Getting the most out of your marketing energy doesn’t always need to be complicated, though sometimes it’s easy to ignore basic changes that can have a marked influence on your outcomes. Here, we’ll share with you how to Step Up Marketing ROI in 5 Easy Steps.
It took some of the planet’s biggest brands decades to stop thinking about marketing from the inside out. “We’re the best at…” “Marvel at all these shiny bells and whistles.” “Our process is so unique…!” When we begin crafting our marketing communications from the outside in, our message changes drastically from an “all about me” perspective to an “all about you” perspective. University studies like those performed by Dennis P. Carmody and Michael Lewis at Robert Wood Johnson Medical School have shown through magnetic resonance imaging that multiple regions in the left hemisphere, including middle frontal cortex, middle and superior temporal cortex, and cuneus actually display higher activation to one’s own name. See the full manuscript here. Now all of this may be a bit scientific for most of us marketers, but it certainly supports the idea that the sweetest sounds to humans, particularly in marketing communications, are more about the person, the client, the patient, the customer (A.K.A. the buyer)… not about us strutting down the seller runway.

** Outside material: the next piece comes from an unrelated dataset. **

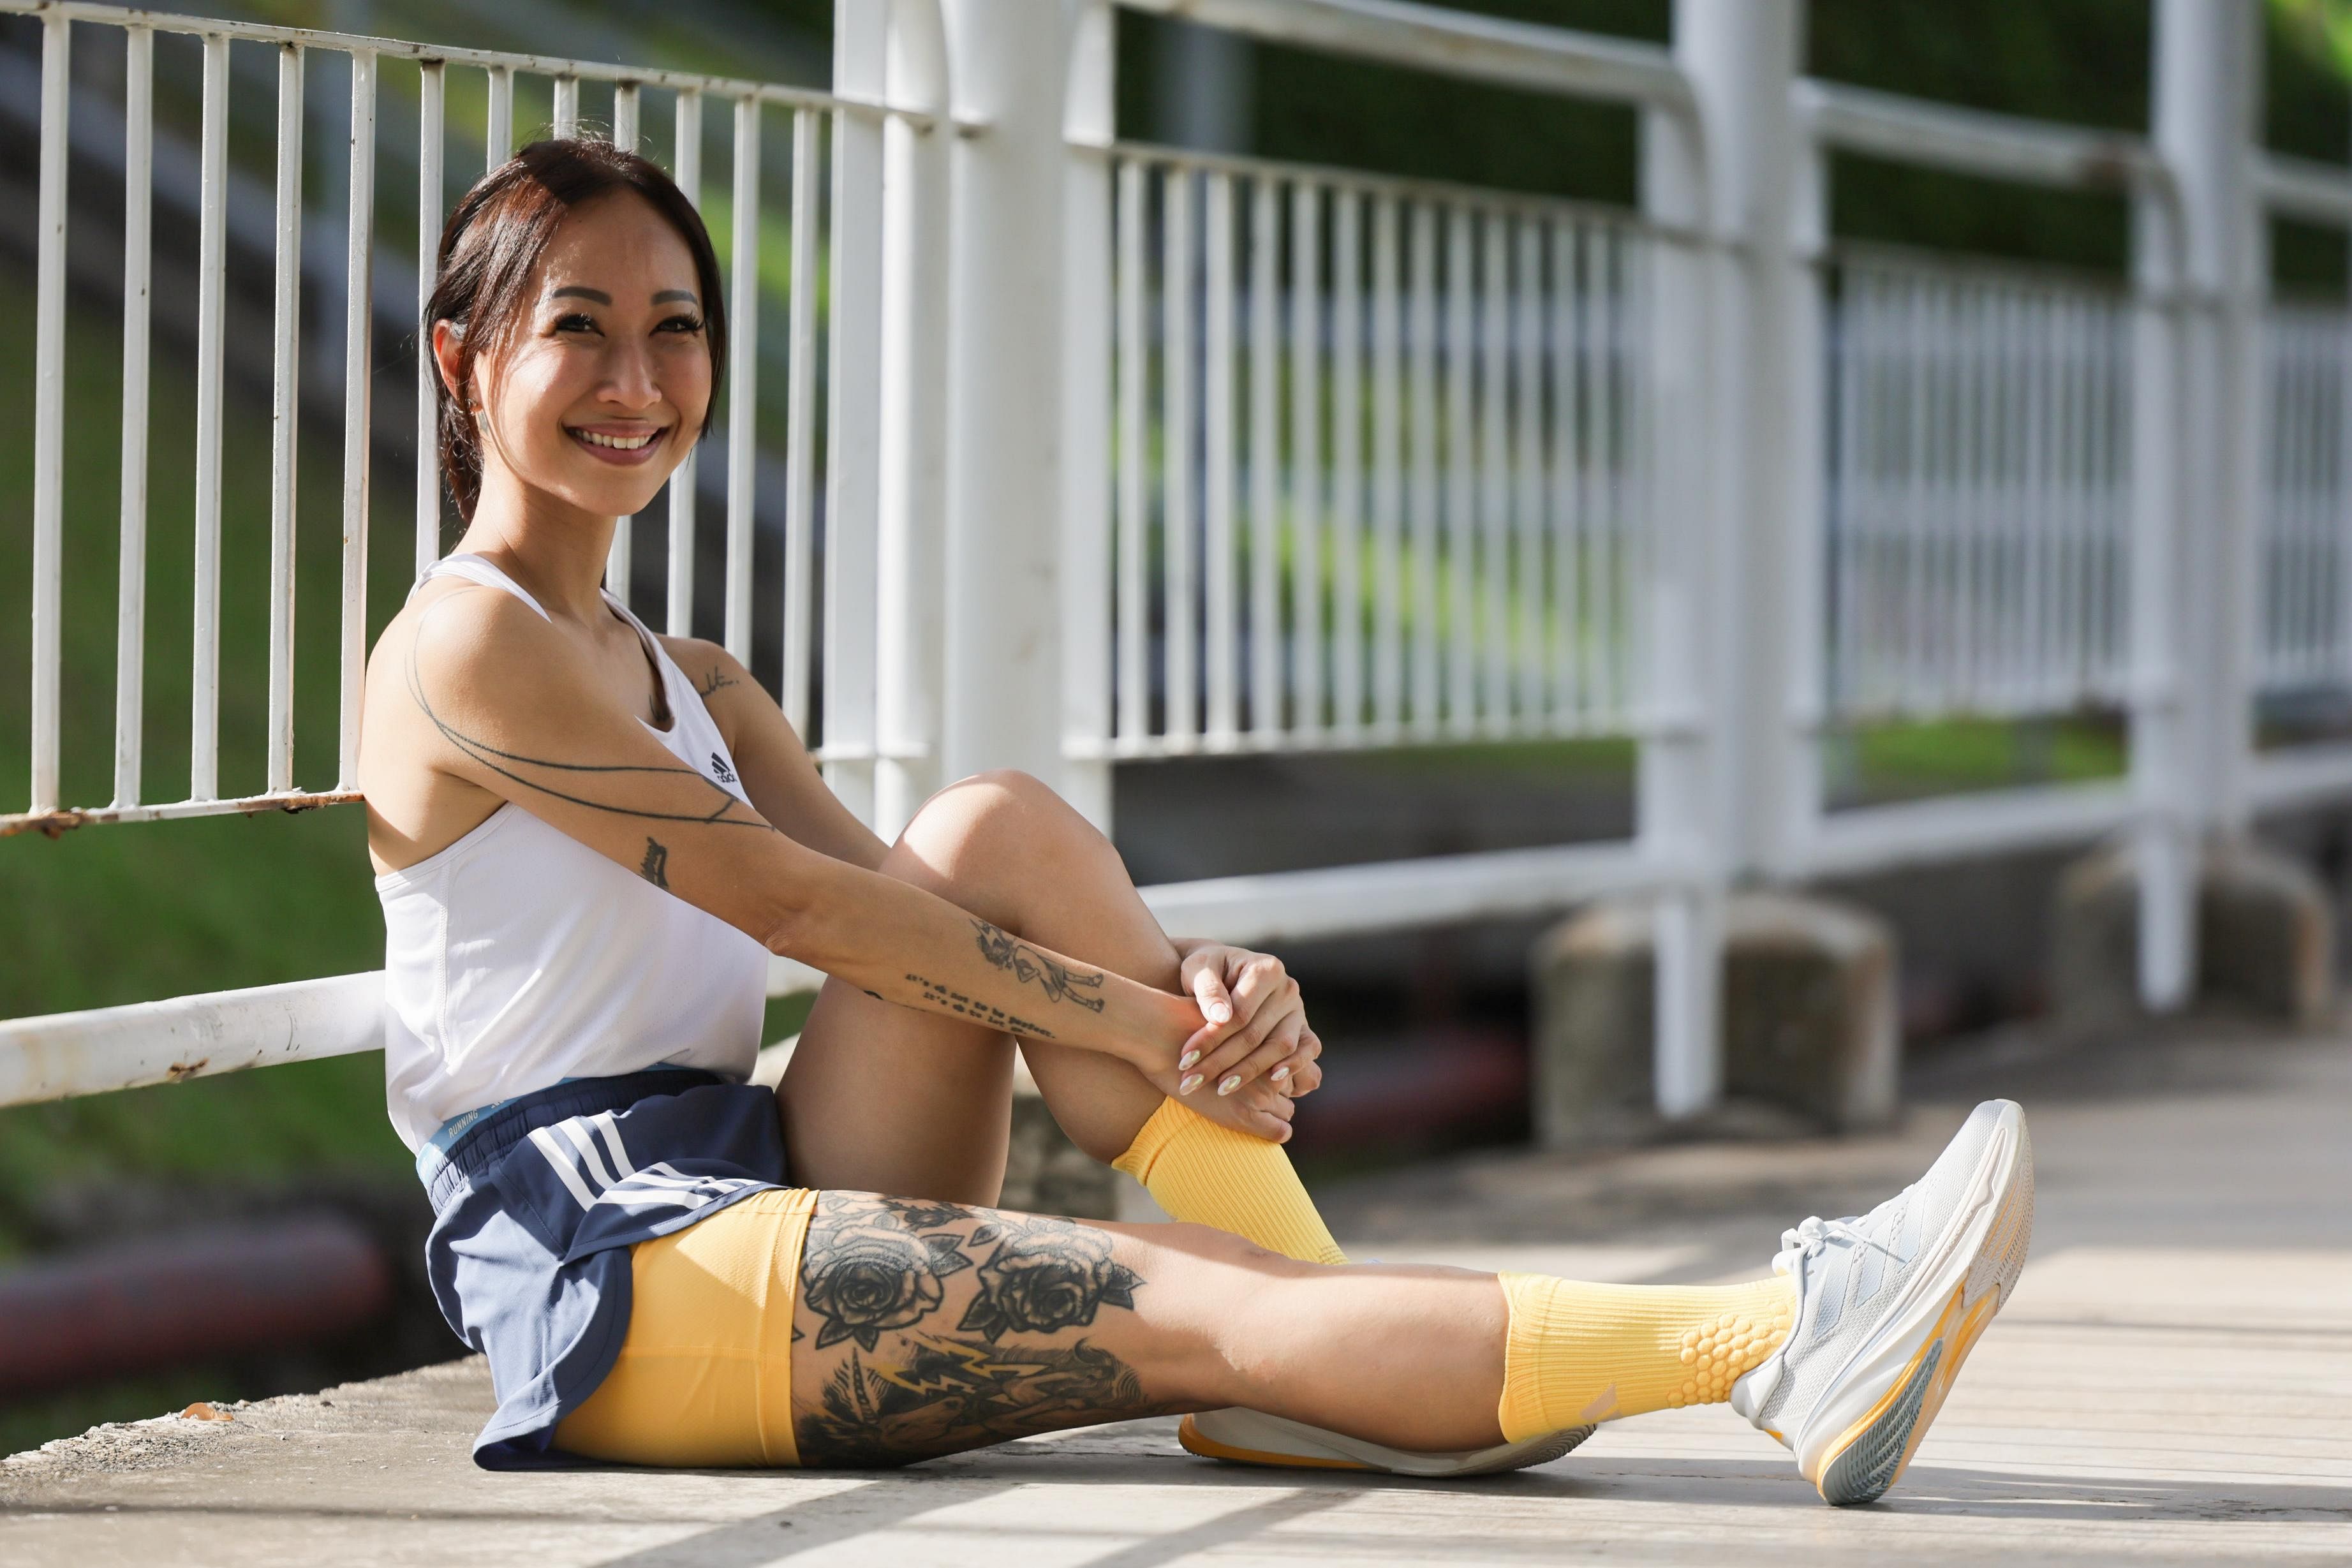 From non-sports lover to avid runner: Sofie Chandra hopes to inspire community

Takeaway: If your entire marketing plan and language isn’t focusing on them (the customer), but rather on you (the company), reshape your plan.
OK, we know social media is the hottest marketing channel since the original TV station, W2XBS, rolled out the very first television broadcast on September 11, 1928. There are literally hundreds of social networking sites in existence today (just Google Wikipedia for the top 150+ and you may recognize half of them if you’re lucky). Eighteen of the most popular worldwide can be found below. Even with the greatest social media management tools like Hootsuite or SocialBro, the tendency is to spread our time and resources too thin. Sure, we want every opportunity for social spreading of our brand, offering or just community building, but it’s far more efficient to capitalize on those few social media networks that offer the biggest returns. Understanding where your target audience spends their most time, will save you money and a lot of anxiety. For example, Twitter is the hot spot for Millennials [and celebrities ;-)], while Instagram not only attracts Millennials, but also Gen X-ers and Gen Y-ers up to around age 24. Yet only about 1/3 of businesses use this as part of their social media marketing. Ask yourself, “how does this social media channel fit into the bigger plan?”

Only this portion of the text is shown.